Last week’s Brecon and Radnorshire by-election shows that fielding a single “Remain Alliance” can pay dividends. Plaid Cymru and the Greens didn’t put up a candidate in order to give the Lib Dems a clean shot at the Tory-held seat—and the Lib Dems won.
Talks are underway to repeat this success elsewhere in England and Wales. It doesn’t make sense to organise a Remain Alliance in Scotland and Northern Ireland because their politics is even more complicated than in the rest of the UK.
Those who want pro-Europeans to come together in an election have to face one awkward fact: Labour is not yet a Remain party and, even if it becomes one, it is so tribal that there’s no chance of it formally joining a pact with other parties. That said, the other parties—the Lib Dems, Greens, Plaid Cymru and various independents—can and should work together.
The first principle of a Remain Alliance should be “do no harm.” That means don’t put up an alliance candidate against any Labour MP who publicly commits to fighting to stay in the EU—while fielding candidates against those who back Brexit or sit on the fence.
Because the Labour Party won’t give Remain Alliance candidates a free run anywhere, the Lib Dems and Greens will in many cases still stand against pro-European Labour candidates.

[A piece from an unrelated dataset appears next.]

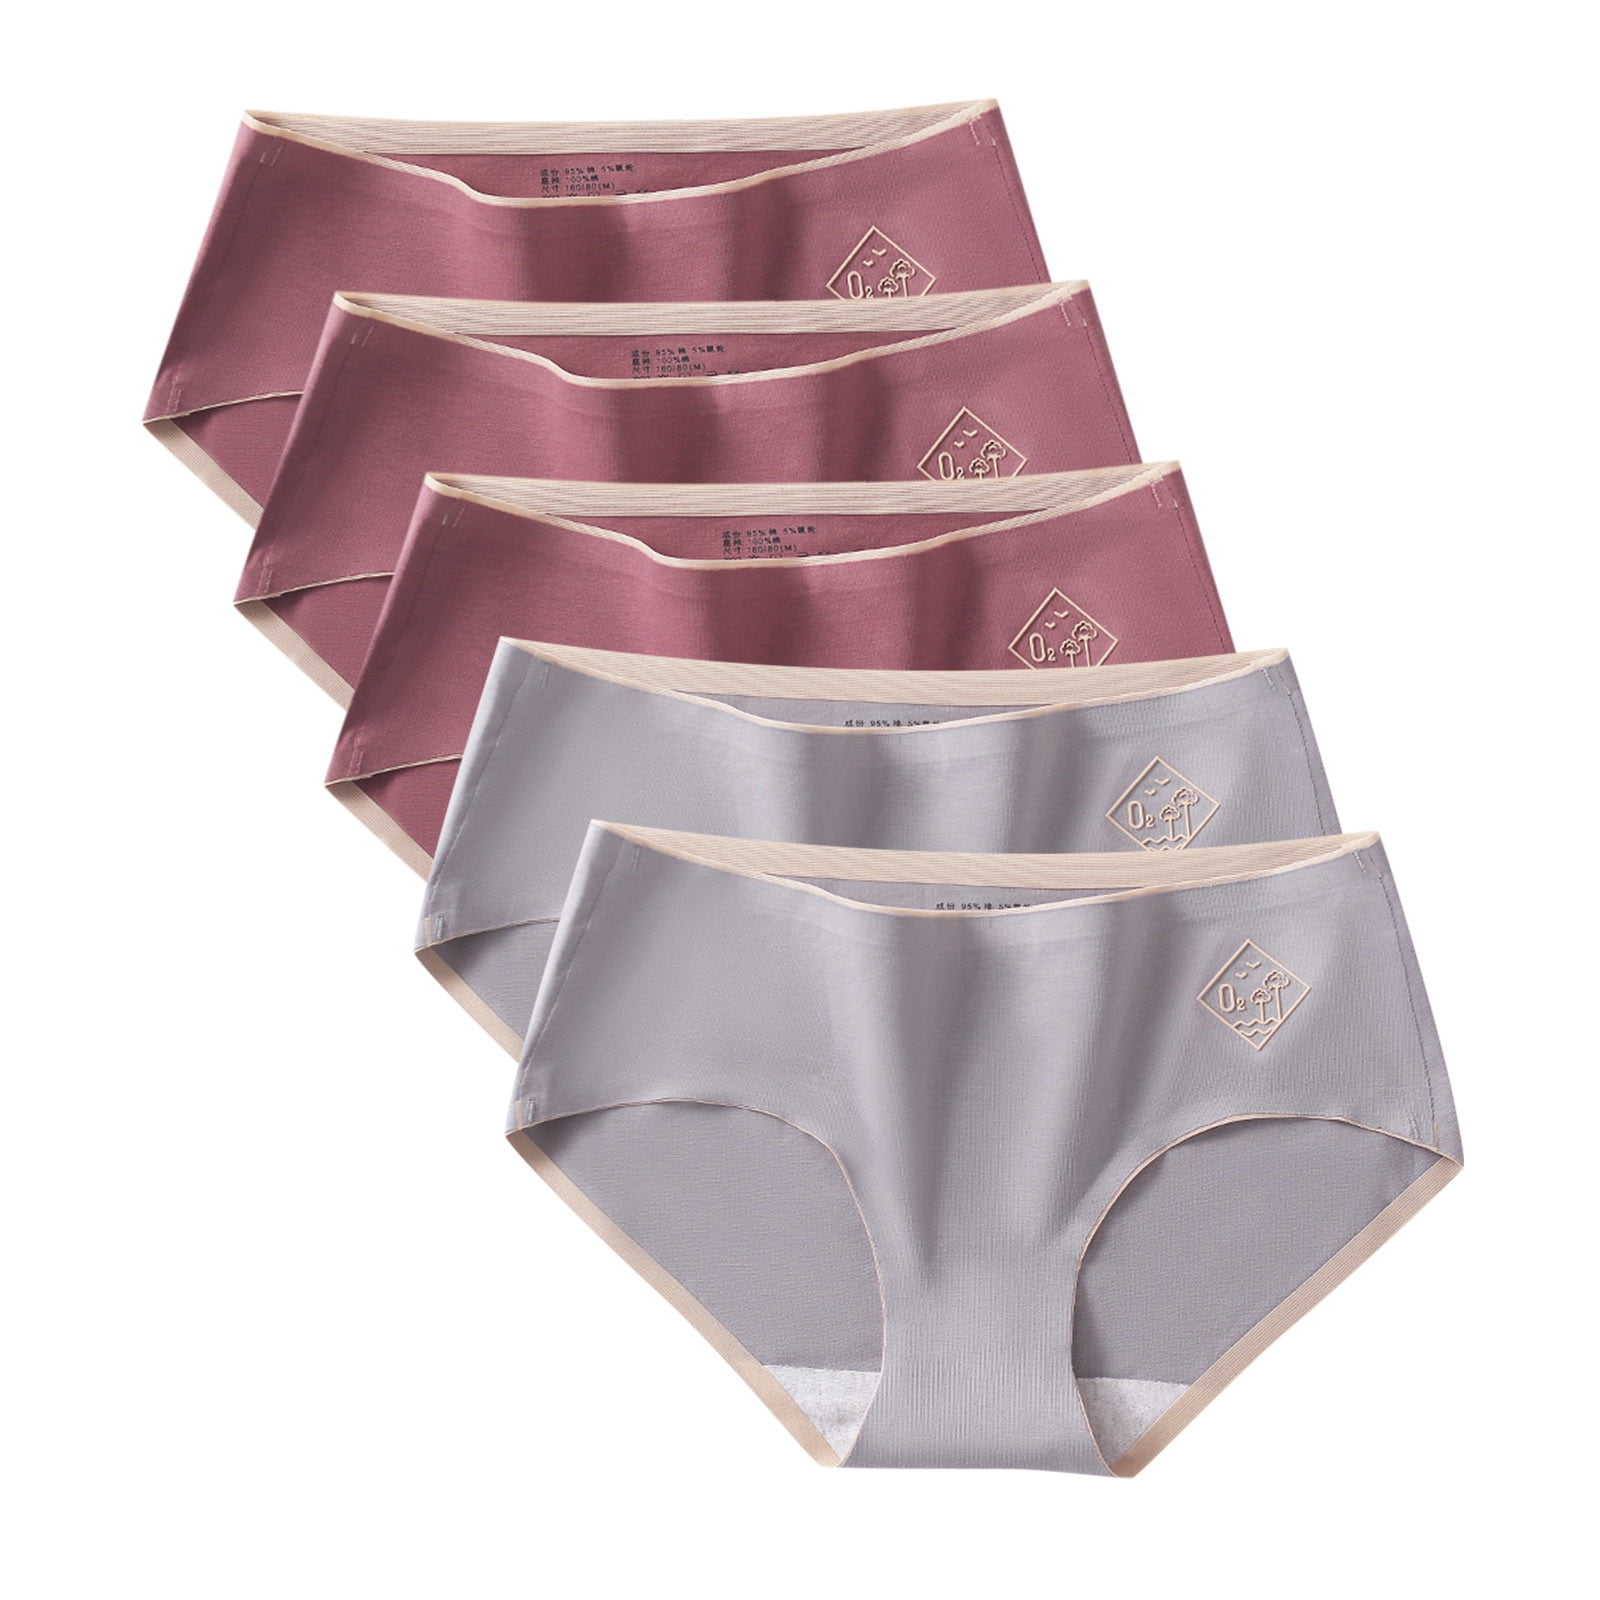 Miarhb Women period cotton brief underwear Women's Thin Briefs In Solid Color With NonTrace MidWaist Underwear 5PC for me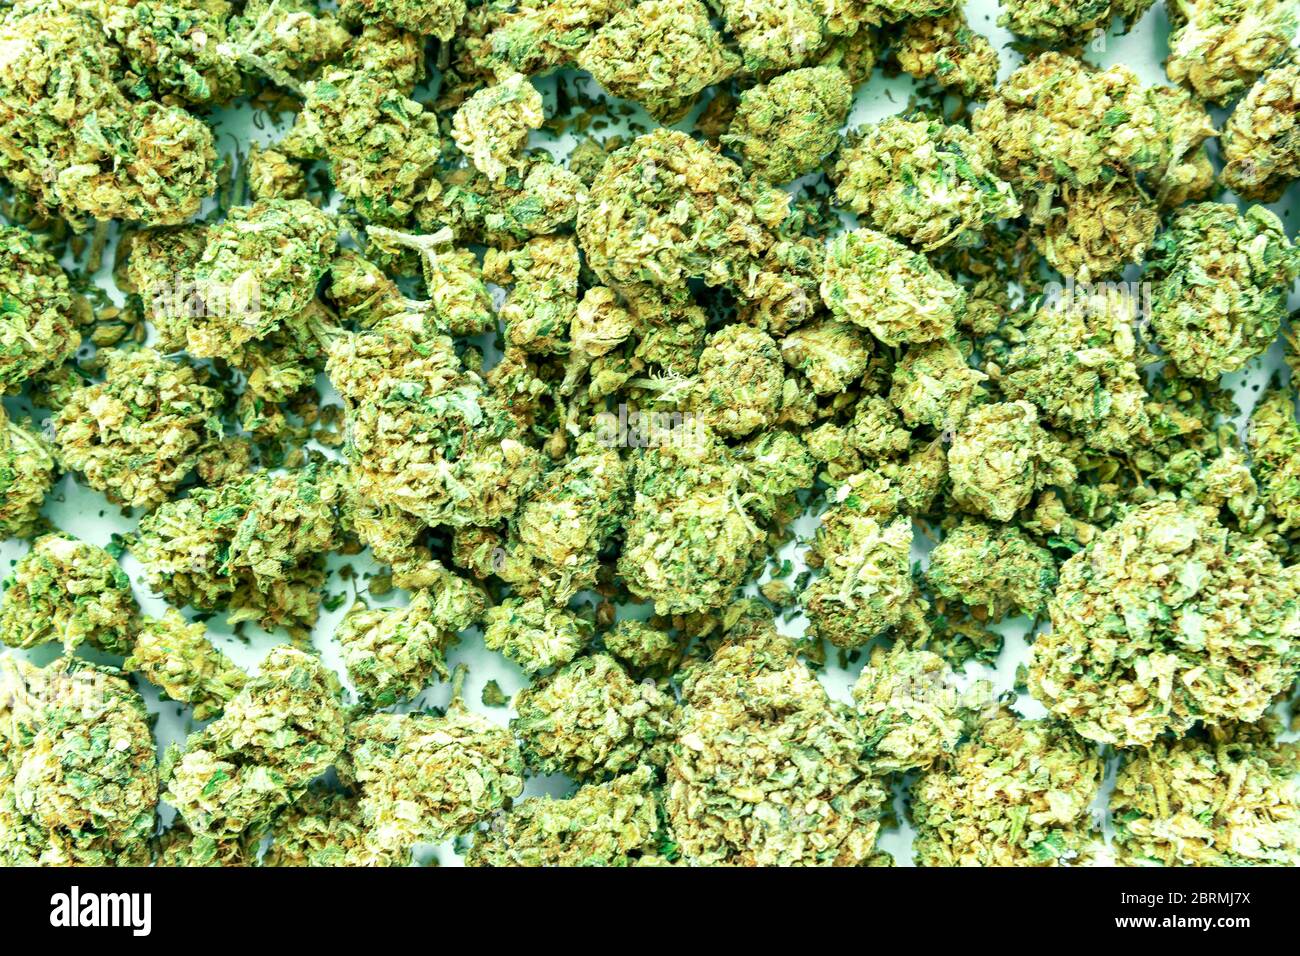 Background of cannabis buds, marijuana weed. Top view. Stock Photo

But they shouldn’t do so under a common Remain Alliance banner. Nor should they put much effort into fighting these seats. Similarly, Labour shouldn’t focus its energy on Remain Alliance seats.
To maximise the chances of success, there will also need to be vigorous tactical voting campaigns—telling voters to back Remain Alliance candidates where they are standing and Labour elsewhere.
The second principle of a Remain Alliance should be “think big.” It should cover every seat which it’s possible to win from the Tories or from Labour MPs who don’t back Remain. The bolder the alliance, the more it will capture the public imagination.
This will lead to a virtuous circle. People will believe the alliance could hold the balance of power after an election and team up with Labour and the SNP to stop Brexit. Journalists will cover the initiative, giving it the oxygen of publicity. Activists will put in effort. Donors will give money. Voters won’t think they are wasting their votes. All that will further enhance the alliance’s chances of success.
There may be around 100 seats where cooperation across party lines could work. But this will only happen if the parties put the national interest ahead of their narrow factional interests. The Lib Dems have a particular responsibility to be generous to the other parties. If it’s a one-way street, where the Greens and Plaid Cymru always back down for the Lib Dems, the whole initiative will turn sour.
Heidi Allen, the independent MP, is trying to encourage exactly such cooperation under the “Unite to Remain” banner. The more momentum and funding this movement generates,the more likely it is that parties will abandon their tribal instincts.
The third principle of a Remain Alliance should be to offer a “safe harbour” for independent candidates, especially Tories. It’s hard to see any MPs who back Remain standing as official Conservative candidates in an election which Johnson will hope will produce a majority for a crash-out Brexit. They’ll either stand as independent Conservatives or not stand at all.
The Remain Alliance should encourage such Tories to keep fighting Johnson by supporting them. The quid pro quo would be that these independent Tories would then call for voters to back other Remain Alliance candidates elsewhere. There are a few million people who normally vote Conservative but dislike Brexit and Jeremy Corbyn in equal measures. Many would respond to a clarion call by the likes of Philip Hammond and Dominic Grieve to back a viable third option.
An alliance built on these principles could have a seismic effect on British politics. It could stop Johnson dead in his tracks. With luck, it will make him run scared of an election in the first place. Provided the Cummings plot to crash out before an election is stopped, the prime minister may decide his least bad option is to ask the people what they want in a referendum.